Alarm at bid to revive boycott

December 3, 2004

A row has broken out over moves to revive the academic boycott of Israel with a major international conference this weekend at London University's School of Oriental and African Studies.

Pro-Israel groups and individual campaigners have called for the conference, on Sunday, to be called off and warned that it could break laws against the incitement of racial hatred.

The Union of Jewish Students was due to meet Colin Bundy, the director of Soas, as The Times Higher went to press, to raise concerns that the event might fuel racial tensions on campus and put students at risk.

But Hillary Rose, one of the event's key speakers and co-founder of the academic boycott of Israel, hit back this week.

"It is an old, old game to say that any criticism of Israel is anti-Semitic. It is offensive, it will not wash and no serious academic should be engaged by that," she said.

The conference, "Resisting Israeli apartheid, strategies and principles", is organised by the students' Soas Palestinian Society and supported by the Palestine Solidarity Campaign.

Tom Paulin, the Oxford University poet who in a disputed newspaper article was reported to have said that settlers in the Israeli-occupied territories should be "shot dead", is the conference's keynote speaker.

Mona Baker, the Manchester University academic who sparked an international outcry when she sacked two Israeli academics from the editorial board of one of her journals, will also speak.

Ronnie Fraser, an active member of the Academic Friends of Israel, said:

"Conferences such as these are designed to hate and not educate. It is inappropriate that Tom Paulin be allowed to address a meeting being held in London university buildings. Is it not the responsibility of the university to ensure that incitement to racial hatred does not take place on its premises?"

Dr Paulin was quoted in an Egyptian newspaper in 2002 as saying that "Brooklyn-born" settlers in the Gaza Strip and West Bank were "Nazis and racists" who should be "shot dead".

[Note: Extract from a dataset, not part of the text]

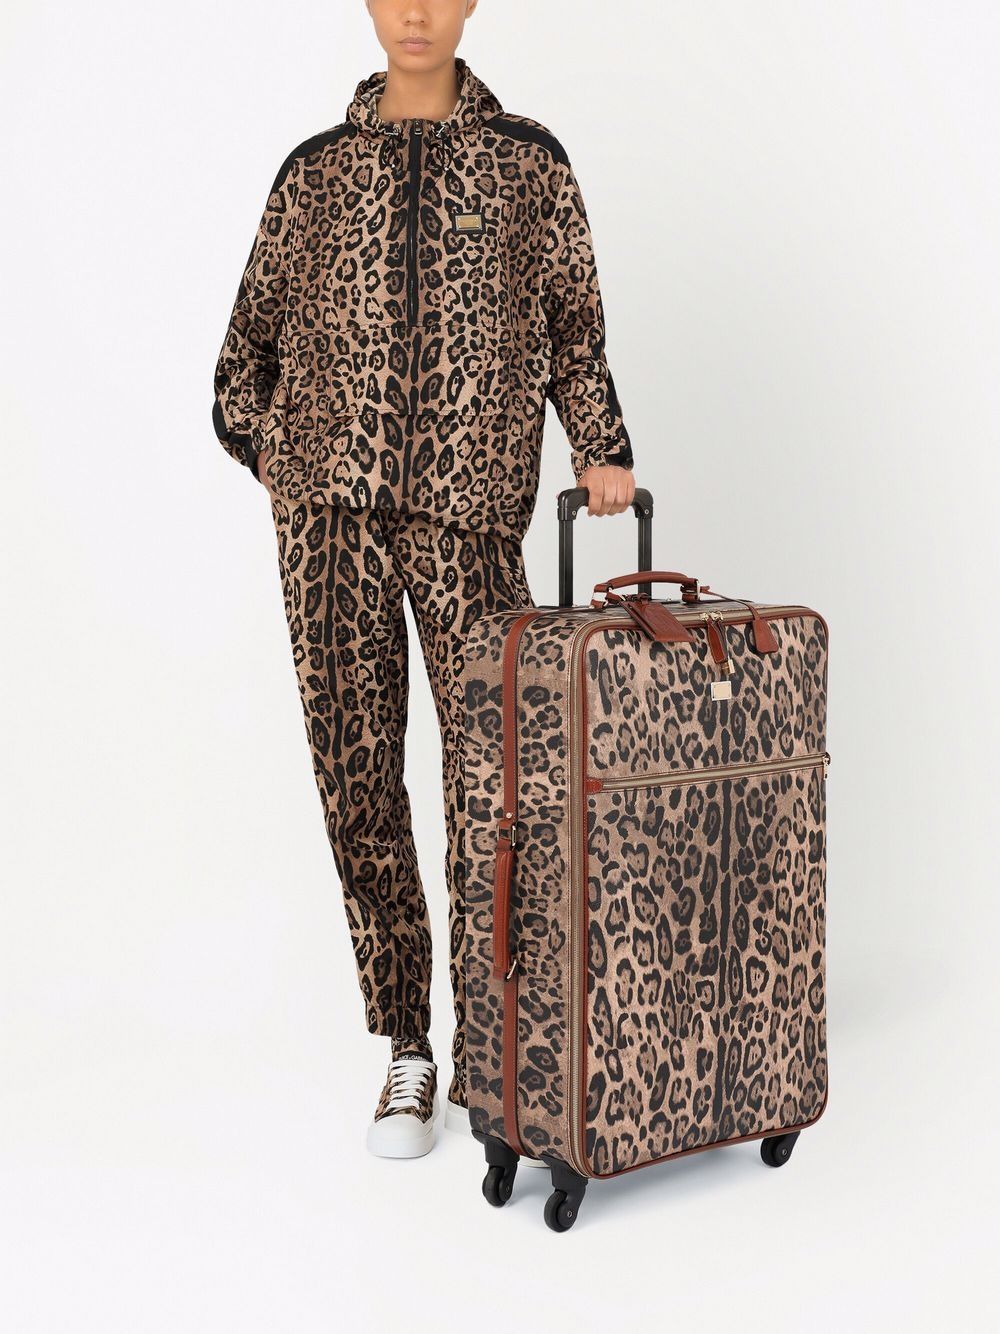 фото Dolce & gabbana чемодан с леопардовым принтом

He later said he had been misquoted, explaining he is a lifelong opponent of anti-Semitism and was in favour of efforts to achieve a two-state solution to the conflict. "I do not support attacks on Israeli civilians under any circumstances," he said in a letter to a newspaper.

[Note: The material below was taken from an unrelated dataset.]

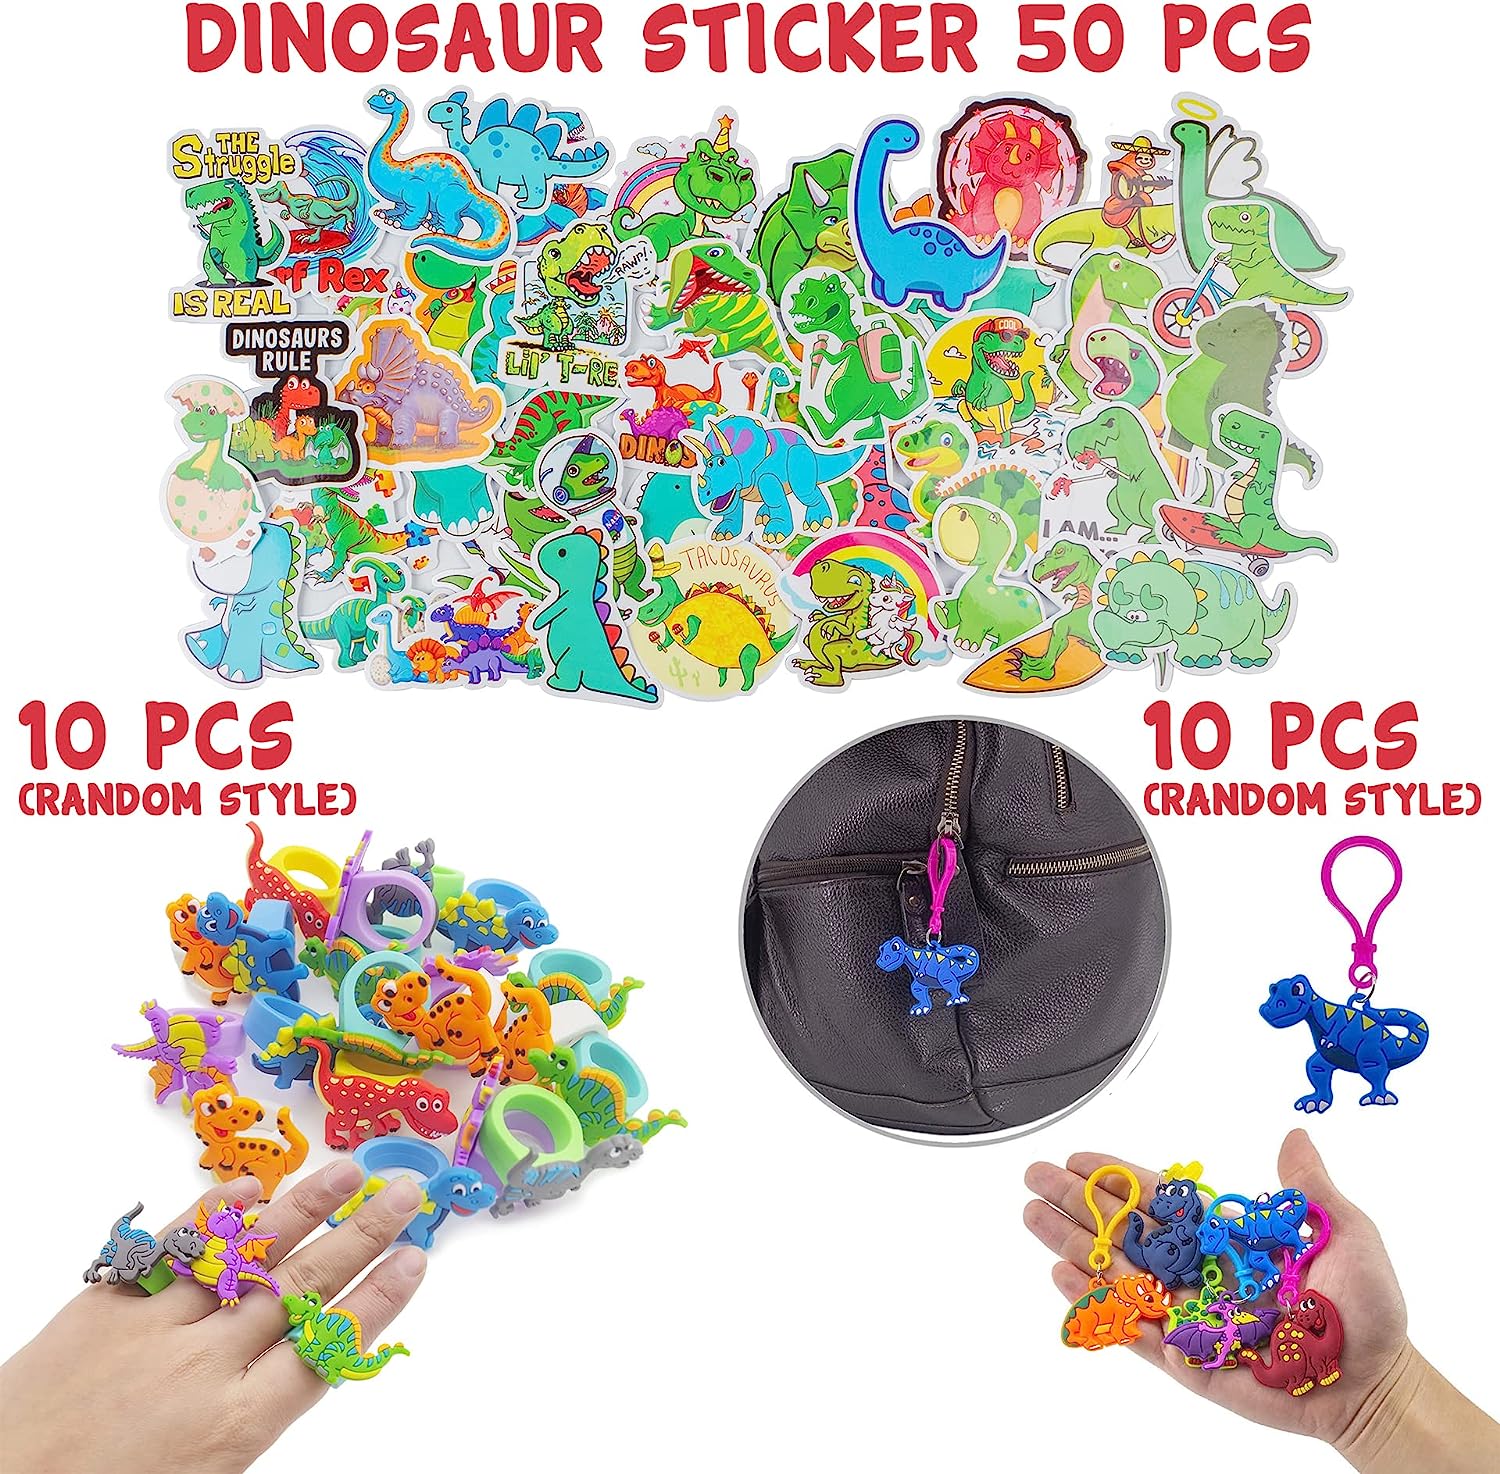 Crafts Kit for Kids Ages 6-8, Night Light for Kids, Dinosaur Toys

Oxford launched an inquiry into his comments but has refused to reveal its findings.

Danny Stone, campaigns organiser for the Union of Jewish Students, said he accepted that Soas was merely hiring out rooms for the event, and was not endorsing the conference, but he said that the union would meet Soas managers this week to discuss the "implications" of the event.

He said he was concerned about the safety of Jewish students on campus if tensions were inflamed by speakers or if legitimate criticism of the Israeli Government "crossed the red line" into anti-Semitism or caused incitement to racial hatred.

In letters of protest seen by The Times Higher , one complainant strongly objects to the comparison of Israel and the apartheid regime of South Africa. "The term, Israeli apartheid, is as much an insult to Israel as it is an insult to those South Africans who suffered under an apartheid regime," he says.

Another says the list of speakers, which includes Jewish academic Ilan Pappe, suggests that the meeting will be "a one-sided, anti-Israel hate-fest".

Professor Bundy said in a prepared statement: "The school does not identify itself with any of the views that may be expressed at the conference, just as it does not with those expressed at any other conference held at Soas.

"Student union societies follow the school's guidelines on the conduct of meetings held on school premises.

"Unless there are clear and exceptional reasons to do so, it is not the policy of the school to interfere in what is discussed at such conferences or to prescribe the form conferences should take."

Speaking to The Times Higher , he added: "Soas is proud of its coverage of Middle Eastern topics, including Arab-Israeli relations, and believes that the depth, breadth and fairness of its coverage is unequalled at any British university."

The Soas Palestinian Society said it was concerned that there was a concerted campaign to silence criticism of Israel on campuses.

A planned meeting called "Israel-Palestine: is there a new apartheid in the Holy Land", organised by the Friends of Palestine society at Warwick University, was called off last week after intense lobbying, only to be resurrected at the 11th hour.